* What is expected *
Return the listing below verbatim. Pictures do not belong in the copy.

* Supplied material *
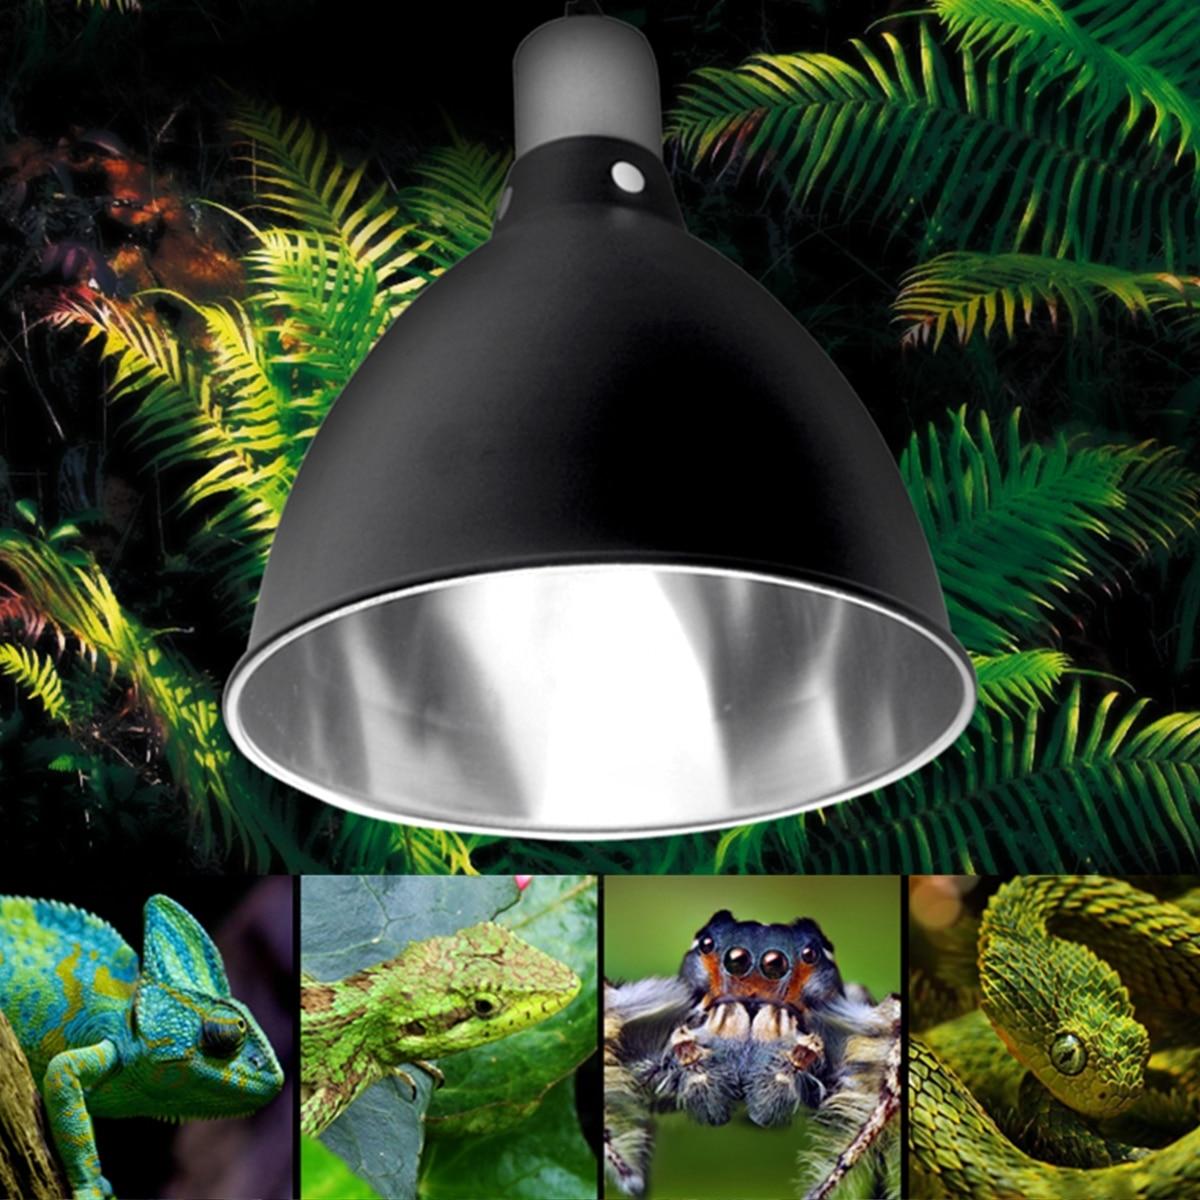 E27 Ceramic Heat UV UVB Lamp Light Holder For Aquarium Amphibians Reptile Tortoise Lampshade with SwitchE27 Ceramic Heat UV UVB Lamp Light Holder For Aquarium Amphibians Reptile Tortoise Lampshade with Switch
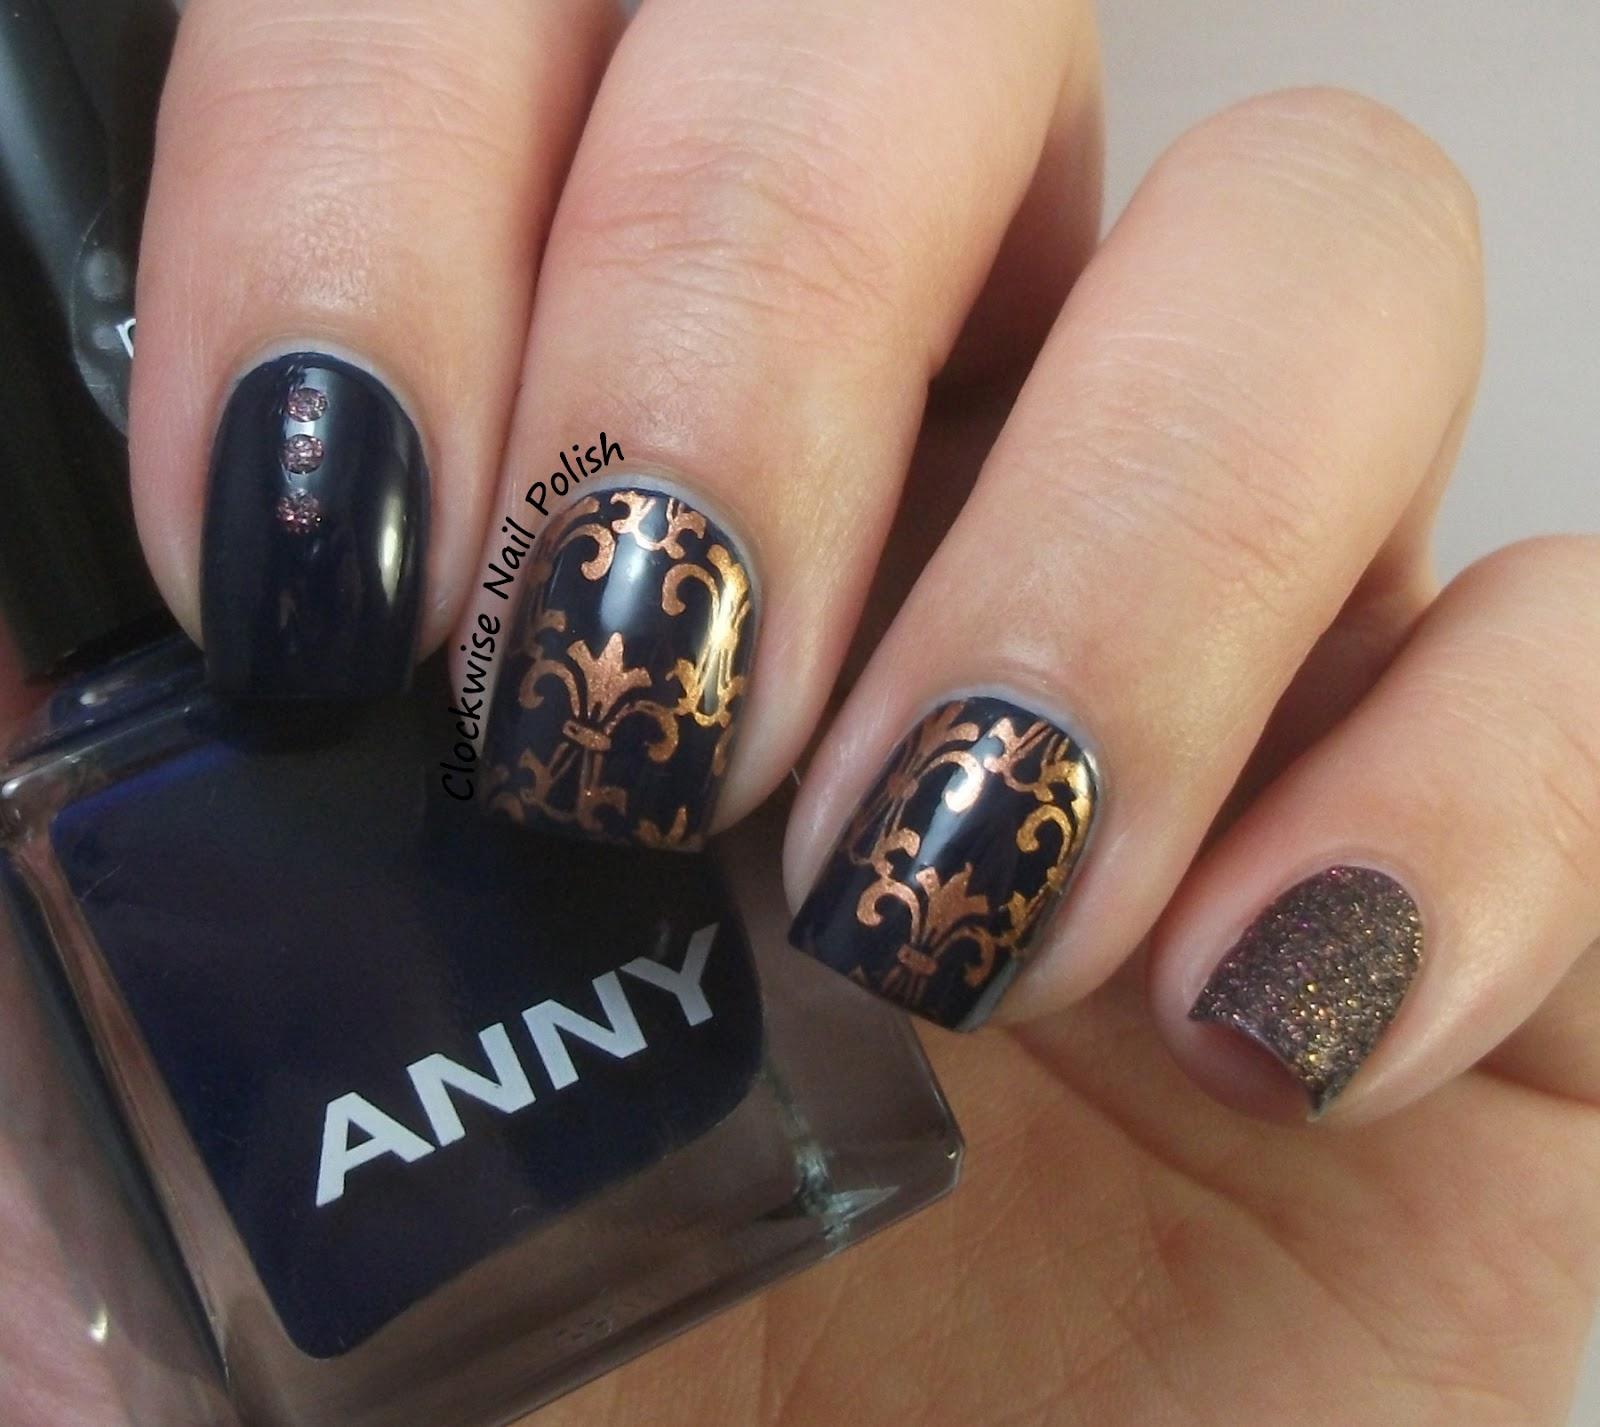 Nail Art Midnight Blue: The Clockwise Nail Polish: Anny Midnight Blue & Fleur De
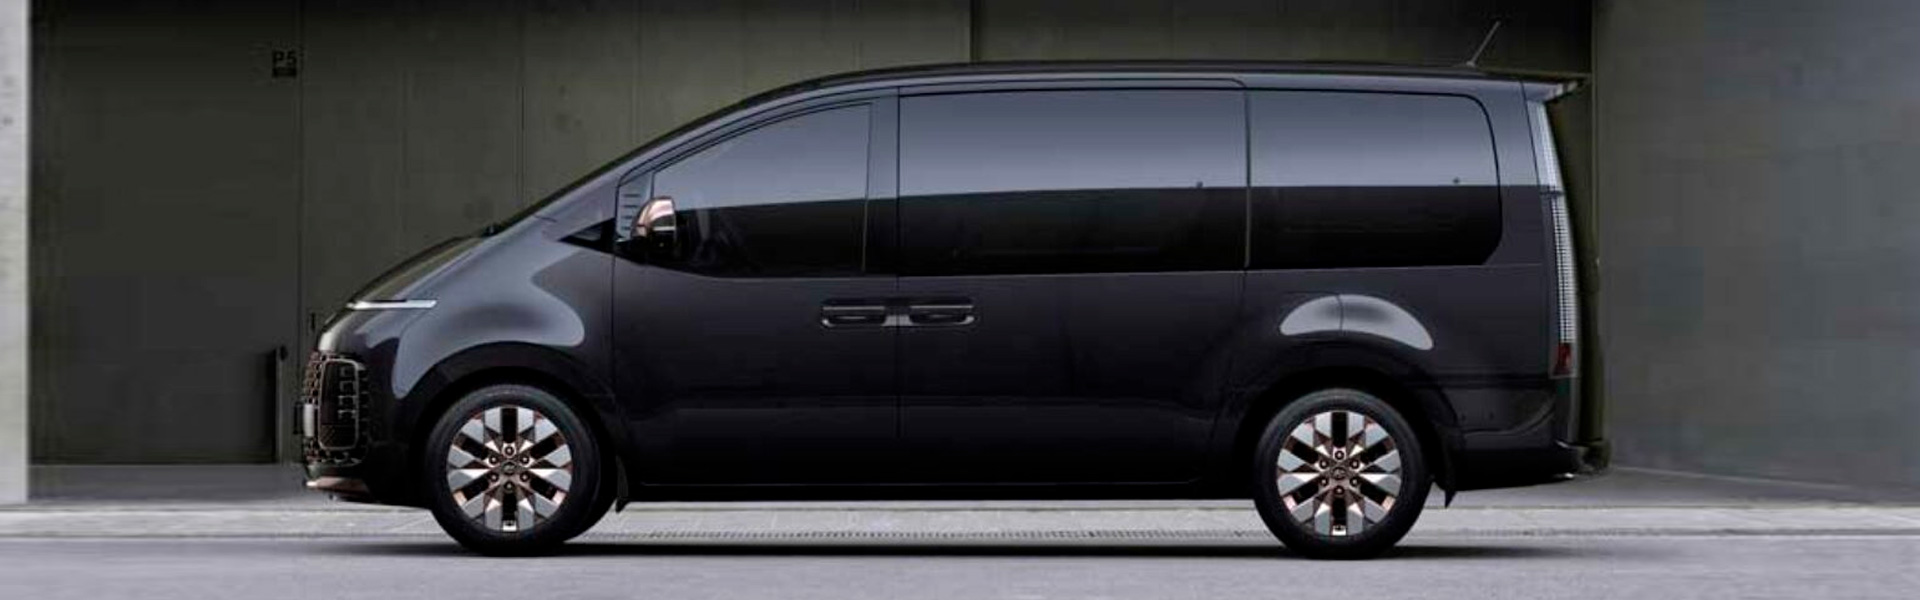 Hyundai STARIA - обзор

* Solution to the problem *
 E27 Ceramic Heat UV UVB Lamp Light Holder For Aquarium Amphibians Reptile Tortoise Lampshade with SwitchE27 Ceramic Heat UV UVB Lamp Light Holder For Aquarium Amphibians Reptile Tortoise Lampshade with Switch
 Nail Art Midnight Blue: The Clockwise Nail Polish: Anny Midnight Blue & Fleur De
 Hyundai STARIA - обзор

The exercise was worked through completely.